Fermat's Little Theorem: If p is a prime number, a is a positive integer and can not be divisible by p, then A p-1 == 1 (MOD p)
Expand Fermat's Little Theorem: A the p- == A (the p-MOD)
Euler's theorem: For any prime n and a set [Phi] (n) is the number of positive integers less than n and prime with n, there is a [Phi] (n) ==. 1 (MOD n)
Euler's theorem of expansion: A [Phi] (n-) + 1'd == A (n-MOD)

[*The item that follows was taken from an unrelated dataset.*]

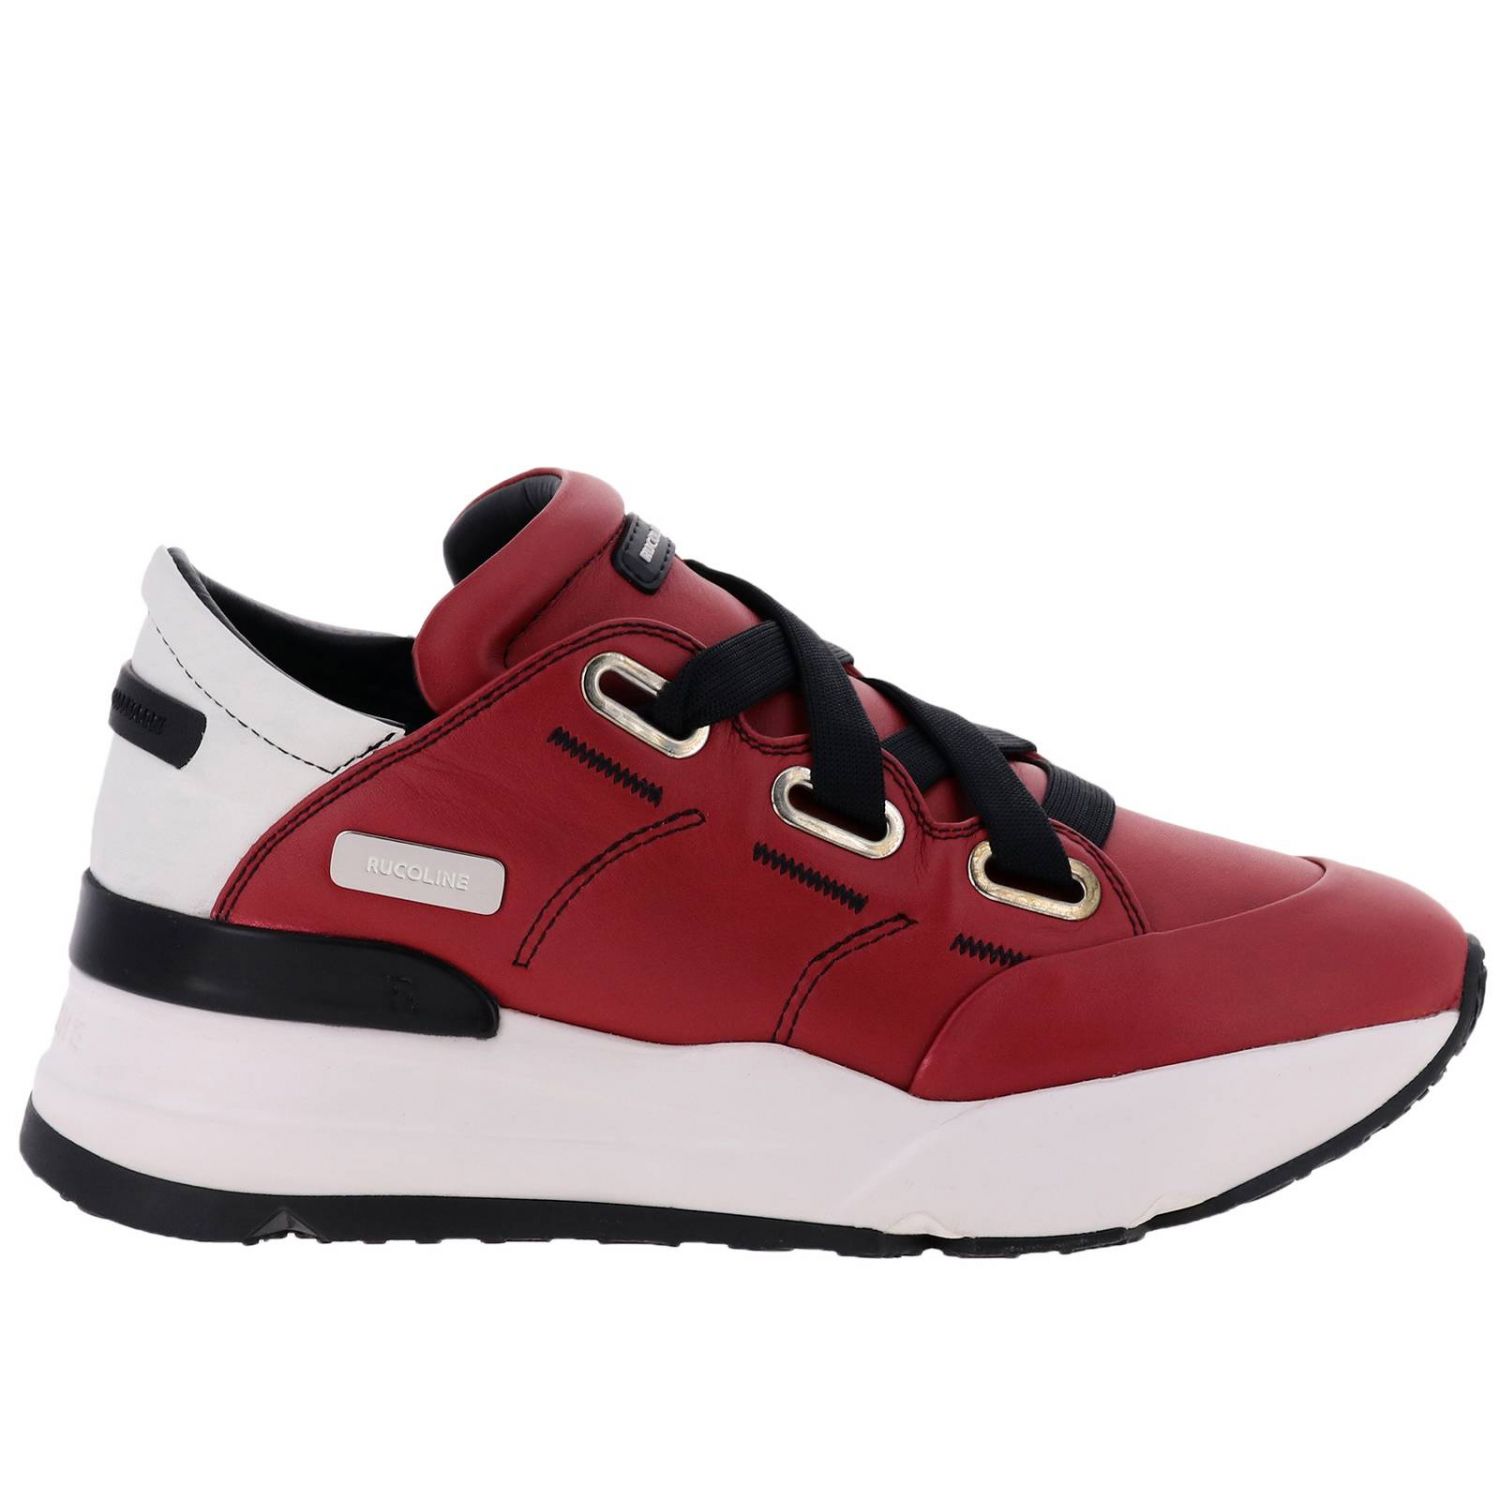 RUCOLINE: Sneakers women | Sneakers Rucoline Women Red | Sneakers ...
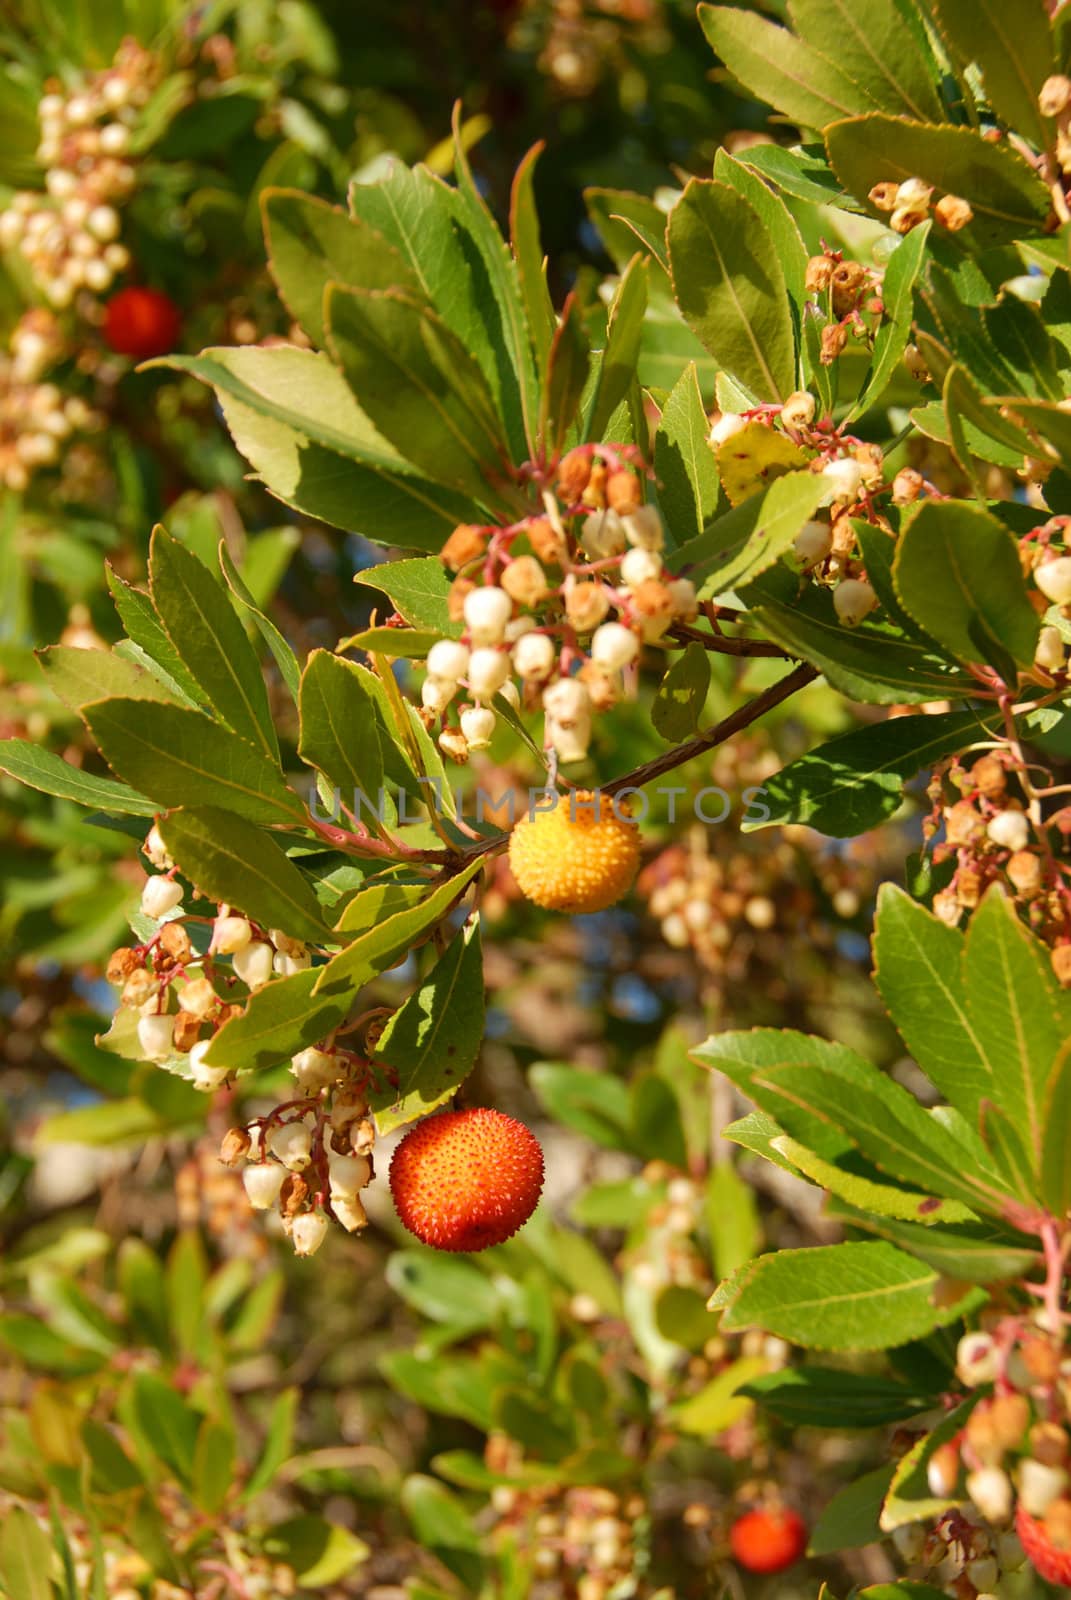 arbousier, tree in the south of France (Arbustus unedo). focus on the red fruit.

Seeking multiplicative inverse action: dividing a number of modulo time again, may be multiplied by the number inverse modulo this number again (to be converted to a multiplication division)
Why this is equivalent to: For the (a / b)% mod this formula, is not equivalent to ((a% mod) / ( b% mod))% mod (for example: a = 3, b = 2 , mod = 3), but can be written as (a * b -1 ) MOD%, where b -1 represents the inverse element b. This is the role of the inverse
A reference to the title meter garlic face-off:
What is the multiplicative inverse: a * x = 1 (MOD C), then x is called a multiplicative inverse of the C
EG A =. 4, C = Inverse. 7 membered x = 2;
4 * 2 = 1 (mod 7) 12/4% 7 = (12 * 2)% 7 (division transfer method)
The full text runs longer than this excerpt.